None of the problematic provisions scrutinized in the Ferguson and Domingo cases are present here. The arbitration agreement does not exclude any claims favoring the employer. The agreement's coverage of claims appears even handed. See Ortiz v. Hobby Lobby Stores, Inc., 52 F.Supp.3d 1070, 1081-82 (E.D. Cal. 2014) (applying California law).
2. The Agreement's Silence as to the Apportionment of Arbitration Expenses
Plaintiff avers that the arbitration agreement's silence as to which party would pay for the fees and costs associated with arbitration would force her to pay higher expenses than she would in court.
The United States Supreme Court, the Ninth Circuit Court of Appeals, and the Hawaii Supreme Court have each rejected unsubstantiated assertions that arbitration inherently leads to increased fees and costs as a means to invalidate an arbitration agreement. See Green Tree Fin. Corp.-Alabama v. Randolph, 531 U.S. 79, 89-91 (2000); Kilgore v. KeyBank, Nat. Ass'n, 718 F.3d 1052, 1058 (9th Cir. 2013). In the Brown decision, the Hawaii Supreme Court adopted the presumption that litigation through the courts takes longer and is generally more expensive than the resolution of claims through arbitration. 921 P.2d at 166 n. 23
In Green Tree, the United States Supreme Court held that the fact that an arbitration agreement is silent as to the costs of arbitration "is plainly insufficient to render it unenforceable." 531 U.S. at 91. The Supreme Court stated that invalidating an arbitration agreement on the grounds that it was silent as to expenses undermines federal policy favoring arbitration agreements. Id. at 91-92.
The arbitration agreement in this case, as in Green Tree, is silent as to the allocation of the expenses associated with arbitration. The arbitration agreement's lack of instruction concerning arbitration expenses is insufficient grounds to find it unconscionable. See Melez v. Kaiser Found. Hosps., Inc., No. 2:14-CV-08772-CAS, 2015 WL 898455, at *12 (C.D. Cal. Mar. 2, 2015) (rejecting employee's argument that the arbitration agreement was unconscionable because it did not specify the costs of the arbitration); Coup v. Scottsdale Plaza Resort, LLC, 823 F.Supp.2d 931, 954 (D. Ariz. 2011).
Plaintiff cannot look to the Ferguson decision for support. Unlike the arbitration agreement here, the agreement in Ferguson provided that the expenses associated with arbitration would be split between the parties. 298 F.3d at 785. The Ninth Circuit Court of Appeals has drawn a significant distinction between arbitration agreements that affirmatively impose costs upon a party in an arbitration and agreements that are silent on the issue. See, e.g., Chavarria v. Ralphs Grocery Co., 733 F.3d 916, 925-26 (9th Cir. 2013); Ingle, 328 F.3d at 1178 n. 18.

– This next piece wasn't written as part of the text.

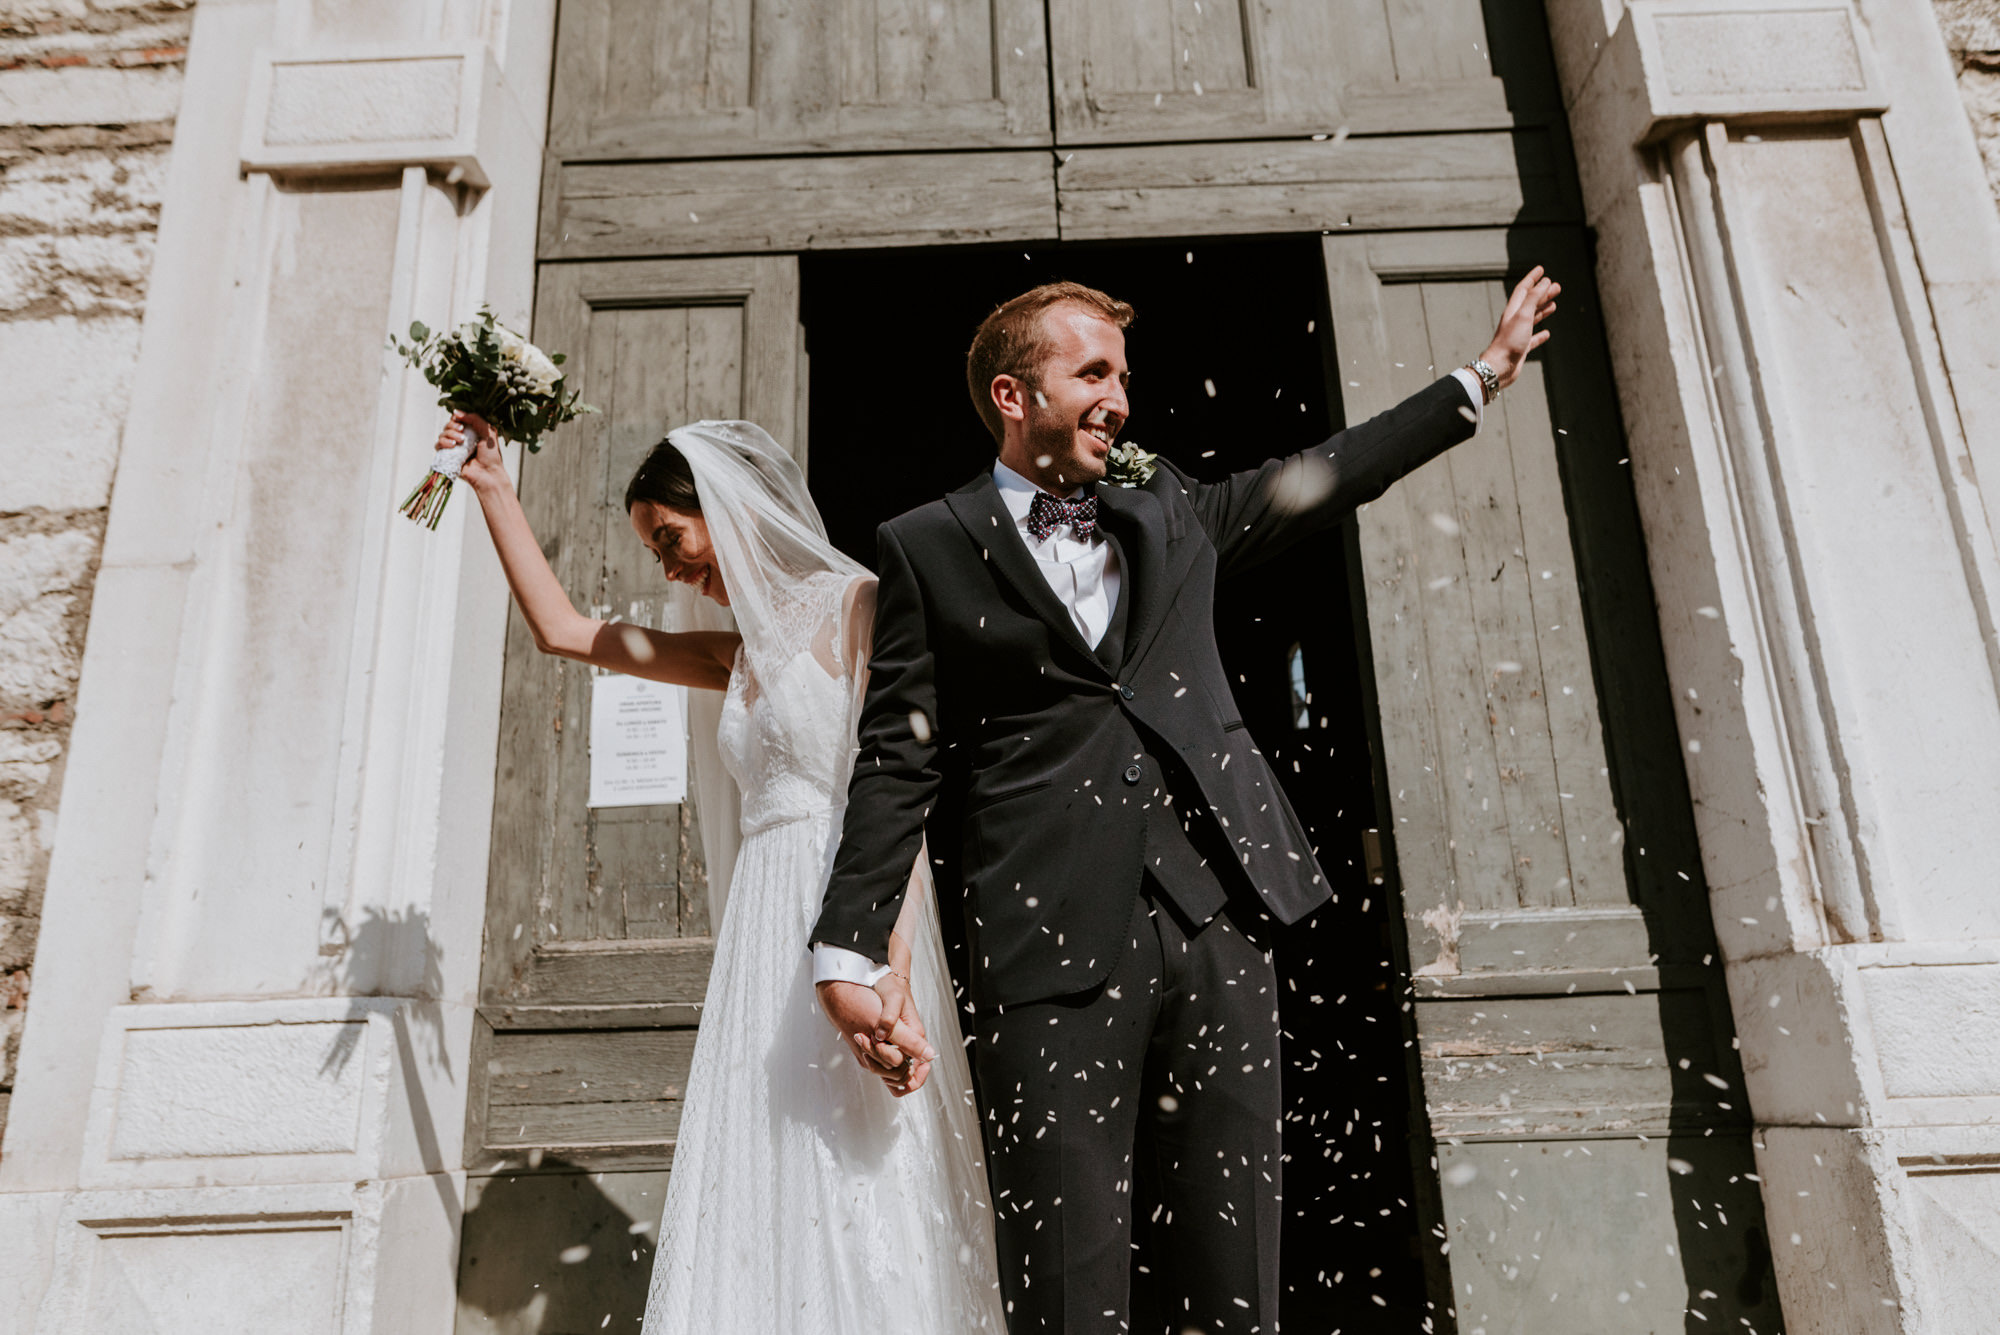 FOTO+PHOTO+BODA+WEDDING+ITALIA+ITALY+MAURICIO+GARAY+MAURICIOGARAY+WEDDINPHOTOGRAPHER+FOTOGRAFODEBODA-1057.jpg

The arbitration agreement was made between parties of unequal bargaining power. The arbitration agreement does not, however, unfairly limit "the obligations and liabilities of, or otherwise unfairly advantages, the stronger party." Brown, 921 P.2d at 167 (citations omitted). The arbitration agreement before the Court is enforceable. Id.
CONCLUSION
The arbitration agreement Plaintiff signed is valid, covers her claims, and is enforceable. Pursuant to the Federal Arbitration Act, Plaintiff's claims must be submitted to an arbitrator.
Defendant Olomana Golf Links, Inc.'s Motion to Compel Arbitration (ECF No. 25) is GRANTED.
Pursuant to 9 U.S.C. § 3, the Court may stay the proceedings pending arbitration or dismiss the case in favor of arbitration. See Thinket Ink Info. Res., Inc. v. Sun Microsystems, Inc., 368 F.3d 1053, 1060 (9th Cir. 2004). This case is hereby DISMISSED. // // // // // //
IT IS SO ORDERED.
DATED: October 24, 2016, Honolulu, Hawaii.